Going Beyond One-Size-Fits-All Image Descriptions to Satisfy the Information Wants of People Who are Blind or Have Low Vision
Abigale Stangl, Nitin Verma, Kenneth R. Fleischmann, Meredith Ringel Morris, Danna Gurari · 2021 · ASSETS '21: The 23rd International ACM SIGACCESS Conference on Computers and Accessibility · doi:10.1145/3441852.3471233
Summary
Current image description practices typically produce a single, one-size-fits-all description for each image, yet the same image can appear across vastly different contexts — news websites, e-commerce platforms, social media feeds, travel sites, and personal photo libraries — where users have fundamentally different information goals. Stangl et al. introduce the concept of "scenarios" as a contextual factor that should shape image descriptions, defining a scenario as the combination of an information goal (what the user wants to learn) and a source (where the image is encountered). Through in-person interviews with 28 people who are blind or have low vision (BLV), they presented five sample images across five scenarios: (A) learning about working conditions from a news site, (B) purchasing a gift from an e-commerce site, (C) finding out about a friend's activities on social media, (D) planning a trip from a travel site, and (E) sharing a personal photo. This yielded 700 responses (28 participants x 25 image-scenario combinations). The researchers used both inductive topic-based analysis and deductive term-based analysis to identify what content participants wanted described.

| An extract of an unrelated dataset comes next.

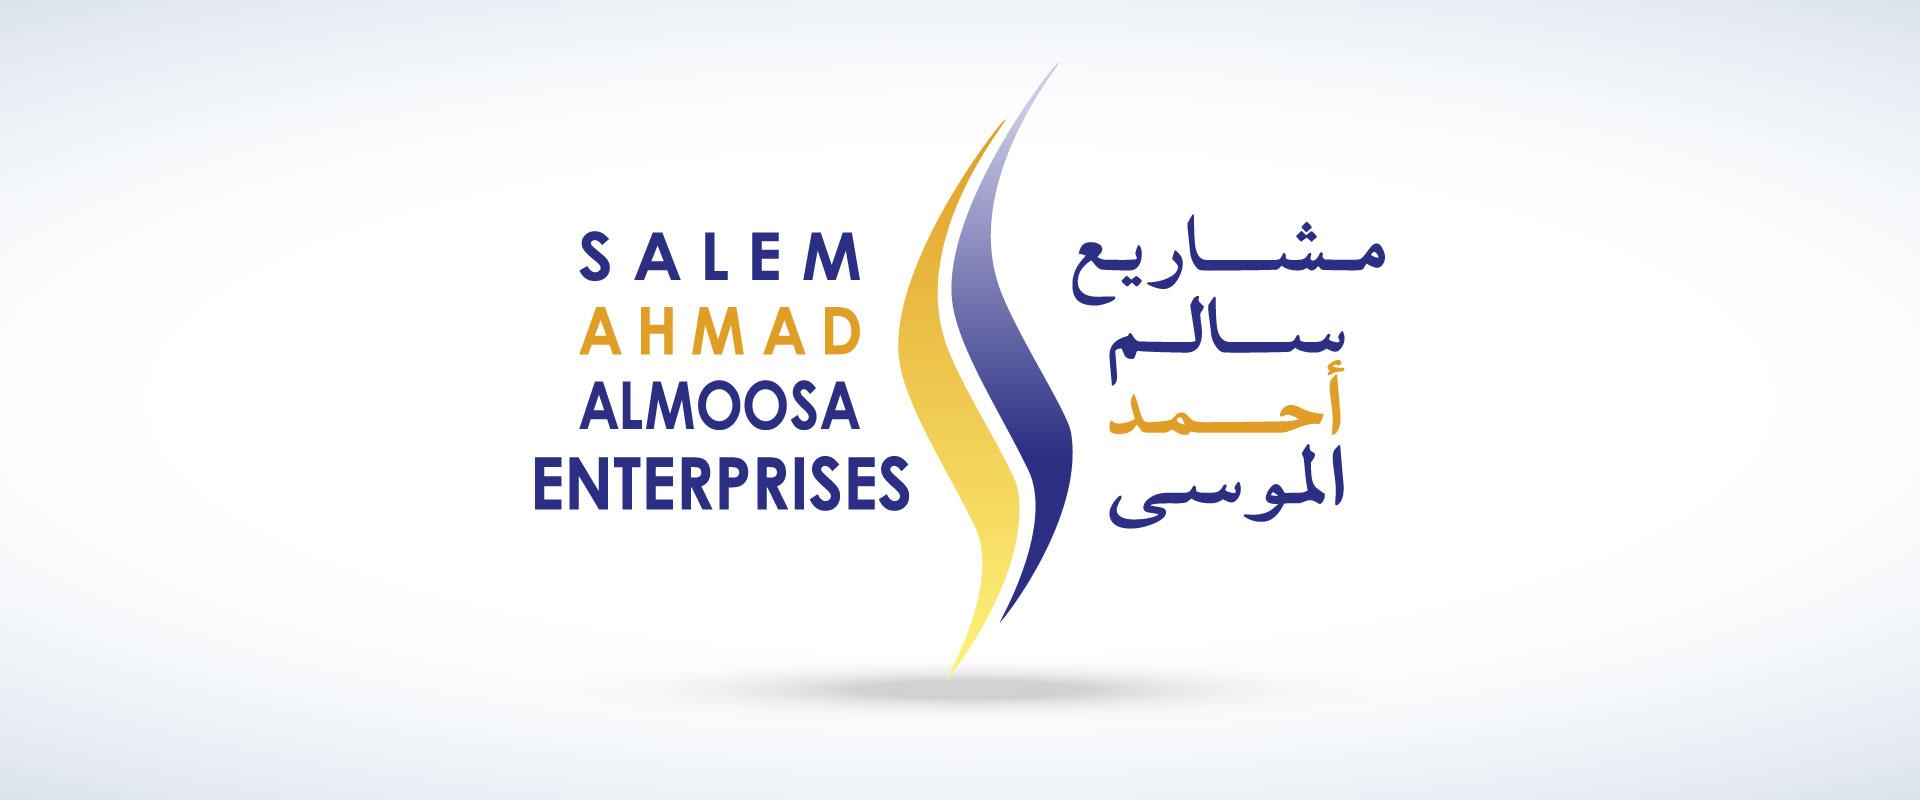 Salem Ahmad Almoosa Enterprises Main_Slider Home

The inductive analysis produced seven main information topic codes (identification of scene content, attributes of specific content, geographic details, activity, relationship, experience, and intent), while the deductive analysis categorized specific terms participants used under four parent codes: people, environment, activity/interaction, and objects.
Key findings
The central finding is that scenarios significantly influence what BLV people want in image descriptions. The same image elicited markedly different content wants depending on the scenario. For a news website scenario, participants prioritized activities of people and attributes of the work setting. For e-commerce, they focused on attributes of purchasable objects (clothing details, furniture styling, food characteristics). For social media, they wanted to understand the poster's intent and relationships. For travel planning, they sought geographic details and landscape attributes. For photo sharing, they focused on identification of places and activities of people. The deductive term-based analysis revealed which content types were universal (wanted across all five scenarios) versus scenario-specific. Universal content — forming a "minimum viable description" — includes: identity or names of people, clothing style, gender, location type, name of place, scenery, climate, look and feel of environments, and general descriptions of what's happening and what food is present. Scenario-specific content includes detailed attributes like height, body posture, hair color (wanted in only one scenario), or profession, race/diversity, and building style. Participants also requested information not typically found in image descriptions, such as the taste of food, the intent of the photographer, and the emotional experience of people in the image.
Relevance
This paper has direct implications for anyone writing alternative text or building automated image description systems. The key practical insight is that a single alt text string cannot serve all purposes — content authors and AI systems should consider where an image appears and what the user likely wants to know. The minimum viable description framework provides a concrete starting point: certain content types (people identification, location, general activity) should always be included, while additional detail should be context-specific. For web developers, this means alt text for a product image on an e-commerce site should emphasize different attributes than the same image used in a news article. For AI researchers building image captioning systems, this motivates context-aware architectures that accept both the image and its deployment scenario as inputs. The research also raises important ethical questions about describing people's perceived gender, race, and ethnicity — information participants consistently wanted but that carries risks of misrepresentation and emotional harm. This work contributes to a growing body of evidence that accessibility is not just about providing descriptions, but about providing the right descriptions for the right contexts.
Tags: image description · alternative text · blind · low vision · context-aware · image accessibility · computer vision · image captioning
Standards referenced: WCAG